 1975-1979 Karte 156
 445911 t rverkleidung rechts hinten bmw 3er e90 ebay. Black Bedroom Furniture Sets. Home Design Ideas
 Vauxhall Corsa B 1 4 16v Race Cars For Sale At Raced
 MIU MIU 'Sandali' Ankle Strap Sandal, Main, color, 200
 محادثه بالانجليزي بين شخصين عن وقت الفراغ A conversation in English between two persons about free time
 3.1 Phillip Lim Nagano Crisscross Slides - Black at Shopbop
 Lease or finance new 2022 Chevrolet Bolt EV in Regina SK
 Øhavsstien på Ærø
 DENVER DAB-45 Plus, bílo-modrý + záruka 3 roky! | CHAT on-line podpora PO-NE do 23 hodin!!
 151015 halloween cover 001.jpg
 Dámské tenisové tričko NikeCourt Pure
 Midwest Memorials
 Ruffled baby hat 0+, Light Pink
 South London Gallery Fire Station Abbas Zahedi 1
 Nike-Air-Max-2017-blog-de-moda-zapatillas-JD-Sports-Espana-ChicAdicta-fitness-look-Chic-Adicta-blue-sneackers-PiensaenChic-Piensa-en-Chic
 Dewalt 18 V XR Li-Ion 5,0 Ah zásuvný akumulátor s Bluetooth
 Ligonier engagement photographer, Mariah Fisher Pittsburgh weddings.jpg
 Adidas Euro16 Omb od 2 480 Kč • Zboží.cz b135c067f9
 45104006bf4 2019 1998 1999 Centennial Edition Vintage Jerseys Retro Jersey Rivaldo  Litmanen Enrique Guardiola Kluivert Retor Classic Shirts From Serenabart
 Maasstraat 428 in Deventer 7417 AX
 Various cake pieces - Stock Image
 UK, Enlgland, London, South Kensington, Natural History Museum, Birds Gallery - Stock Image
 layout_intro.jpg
****************
Required work.
Starting at the line above that holds "Dámské tenisové tričko NikeCourt Pure" and ending at the line that holds "Dewalt 18 V", transcribe each line exactly and include no other lines.

Response for this exercise.
 Dámské tenisové tričko NikeCourt Pure
 Midwest Memorials
 Ruffled baby hat 0+, Light Pink
 South London Gallery Fire Station Abbas Zahedi 1
 Nike-Air-Max-2017-blog-de-moda-zapatillas-JD-Sports-Espana-ChicAdicta-fitness-look-Chic-Adicta-blue-sneackers-PiensaenChic-Piensa-en-Chic
 Dewalt 18 V XR Li-Ion 5,0 Ah zásuvný akumulátor s Bluetooth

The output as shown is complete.